Records from a collection
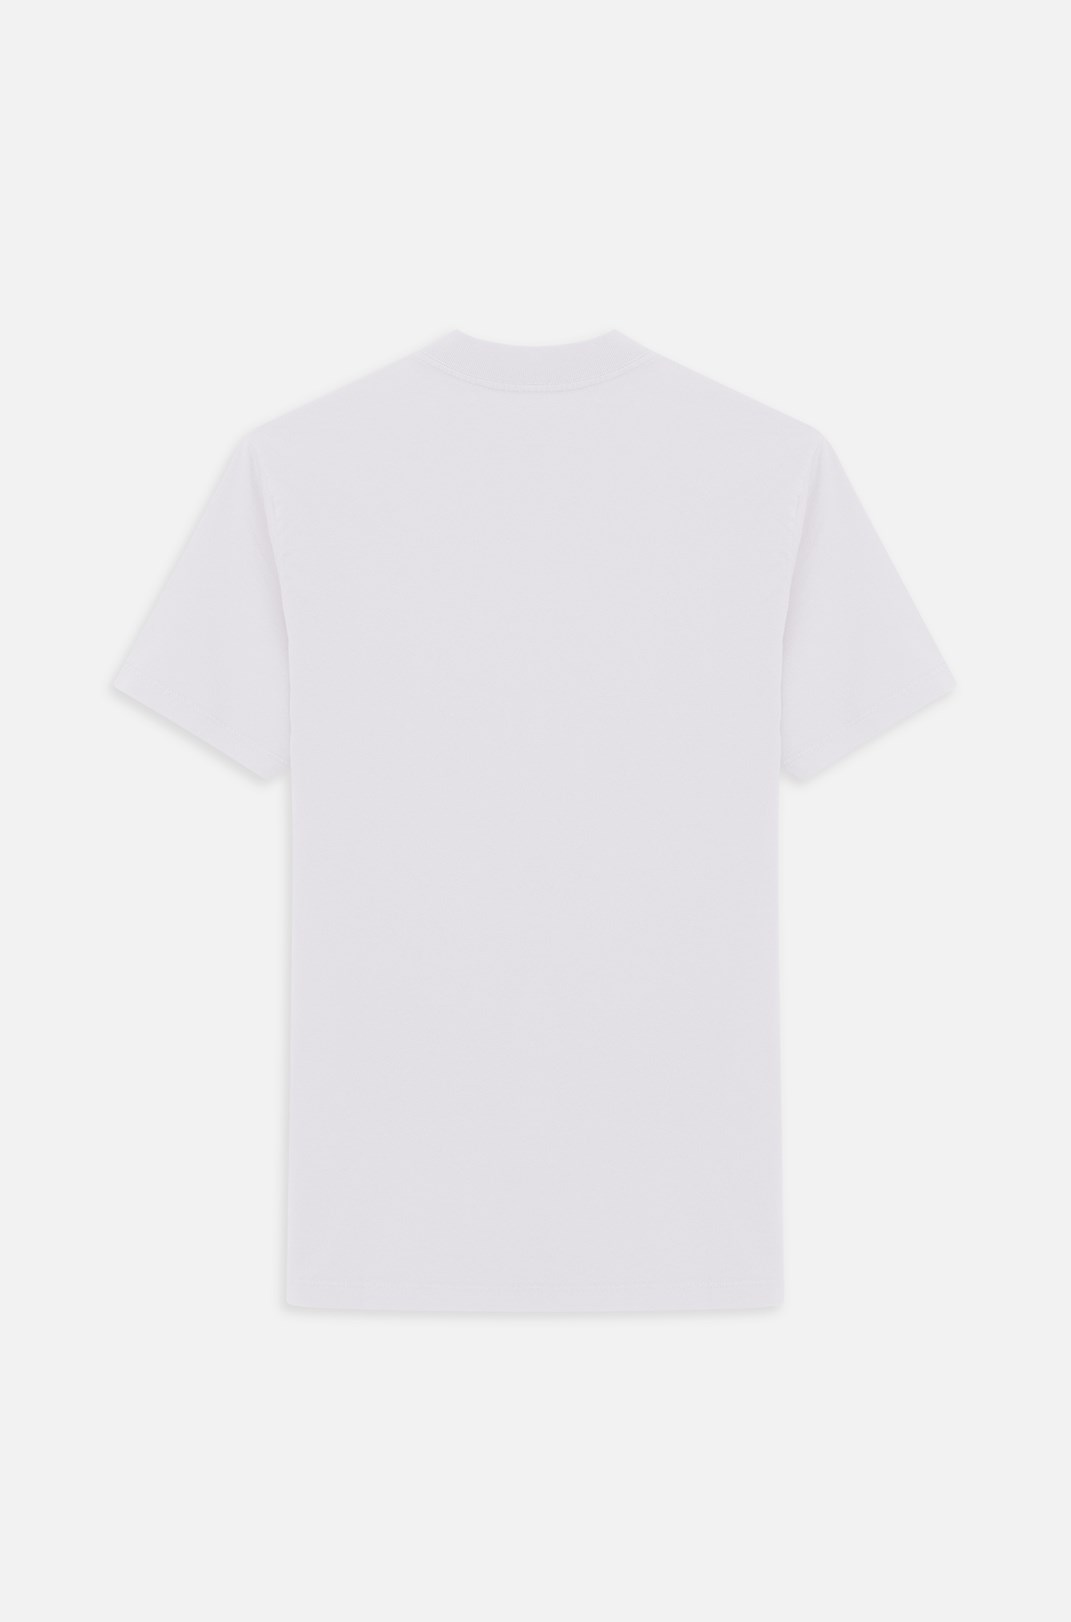 Camiseta Bold Approve Chromatic Branca E Preta
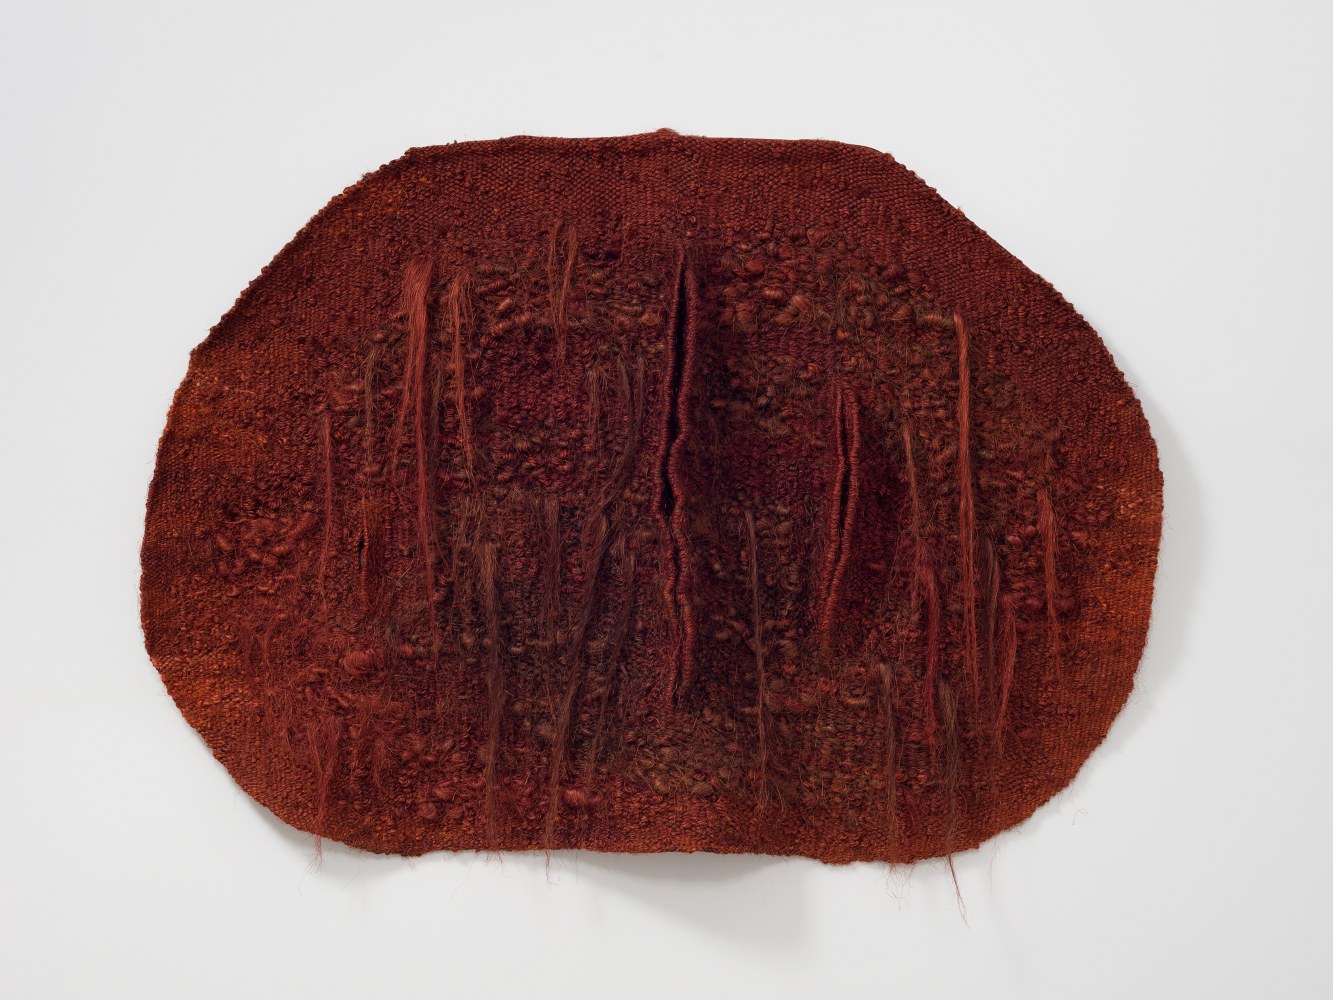 Magdalena Abakanowicz

Untitled Abakan, 1971-1972&amp;nbsp;&amp;nbsp;
sisal weaving
55 7/8 x 85 3/8 x 6 1/4 in. / 142 x 217 x 16 cm
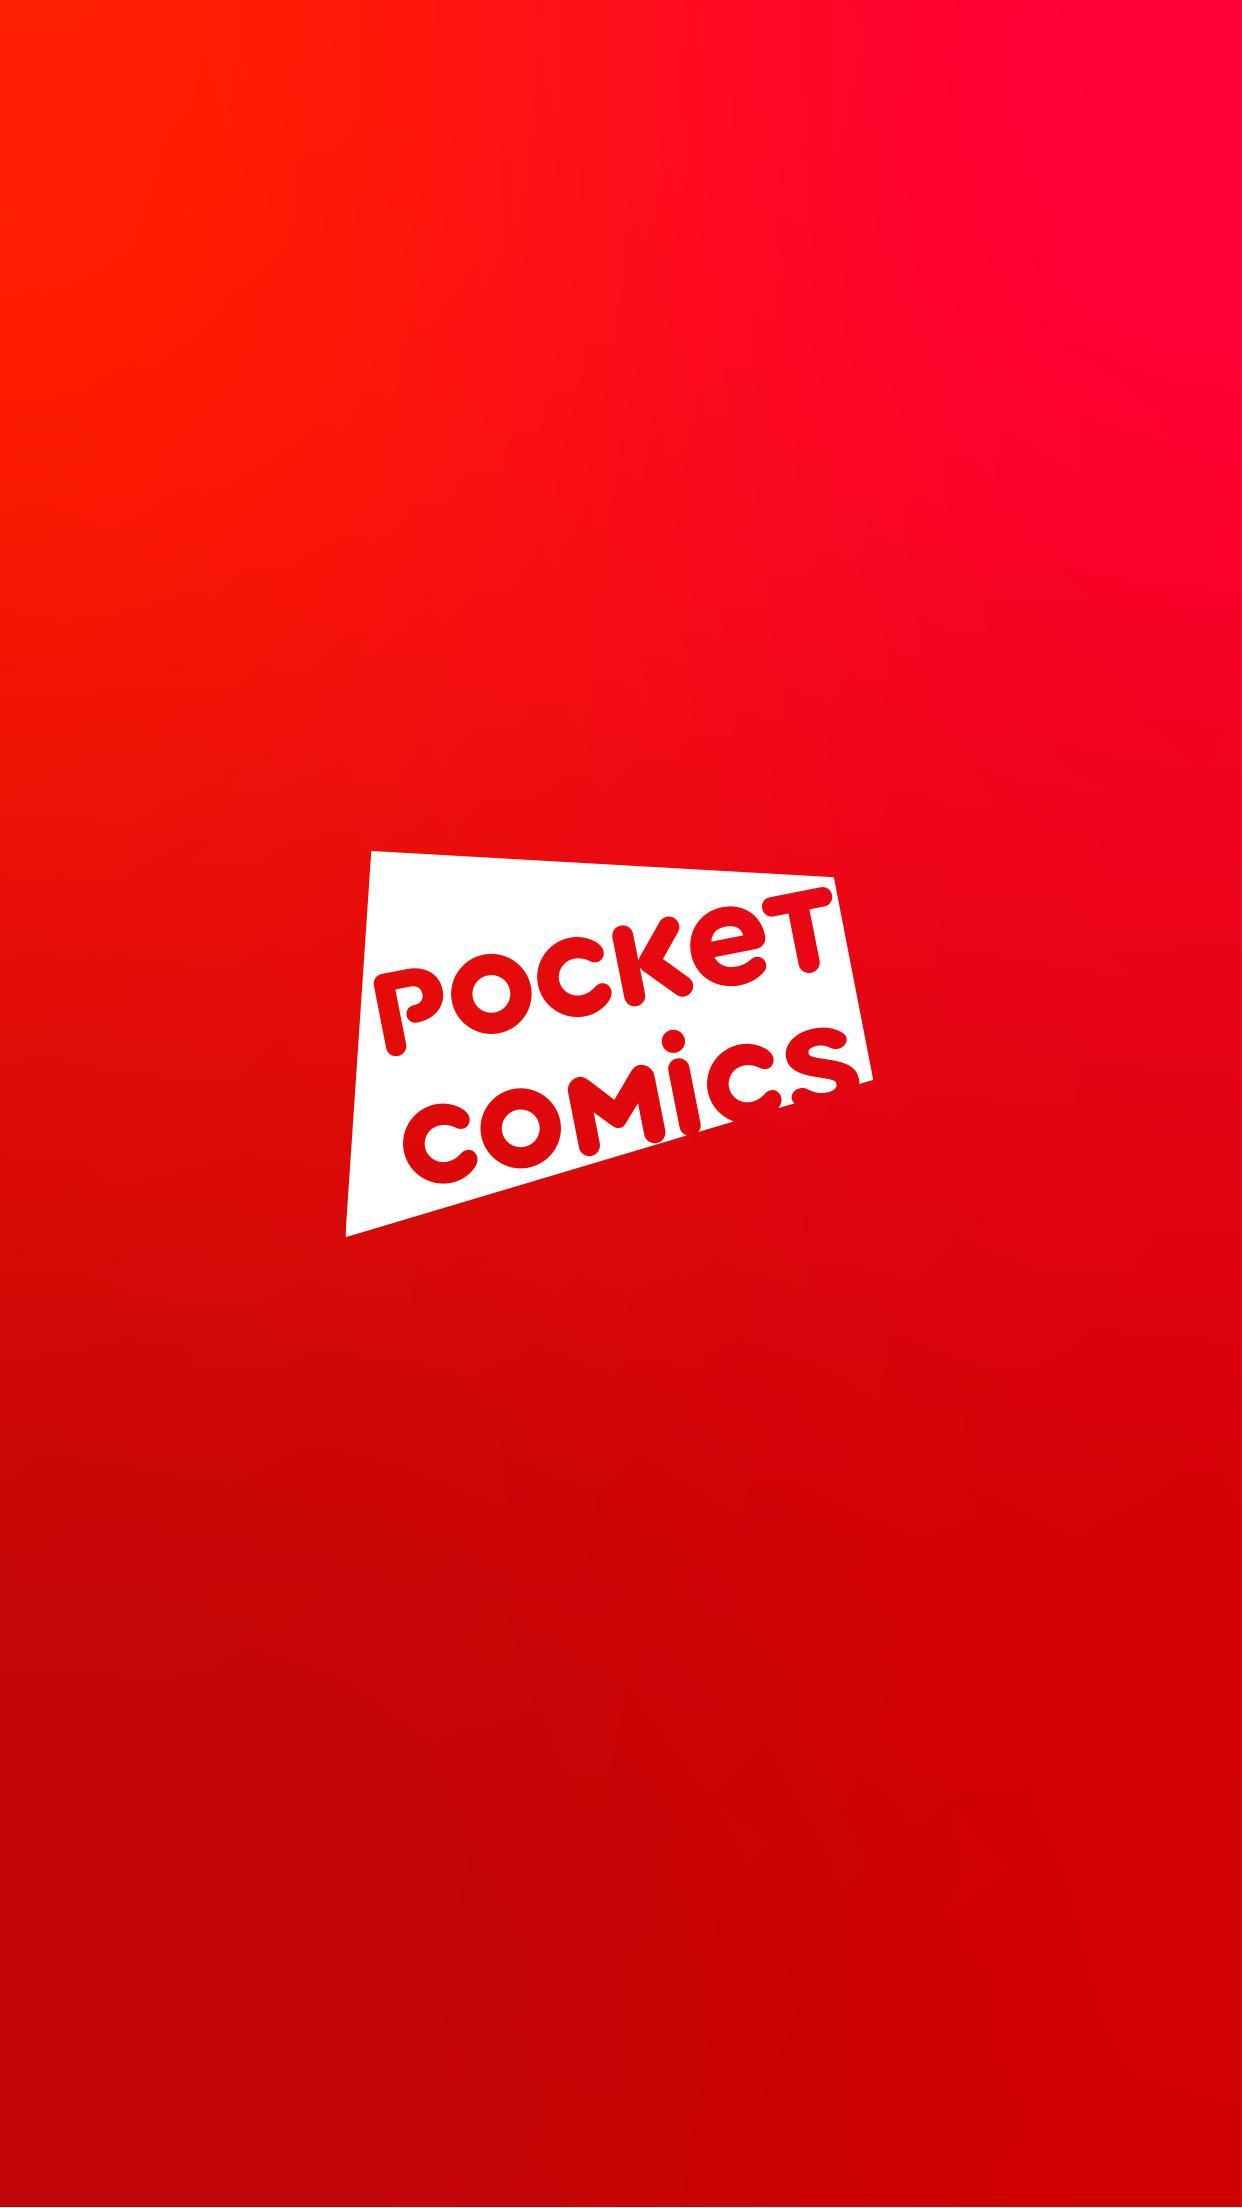 Pocket Comics - Premium Webtoon 1.3.2 Screenshot 5

### YOUR INSTRUCTIONS:
With the pictures left out, transcribe exactly the lines from the line holding "Untitled Abakan, 1971-1972&amp;nbsp;&amp;nbsp;" through the closing line of the entries.

### ANSWER AREA:
Untitled Abakan, 1971-1972&amp;nbsp;&amp;nbsp;
sisal weaving
55 7/8 x 85 3/8 x 6 1/4 in. / 142 x 217 x 16 cm
 Pocket Comics - Premium Webtoon 1.3.2 Screenshot 5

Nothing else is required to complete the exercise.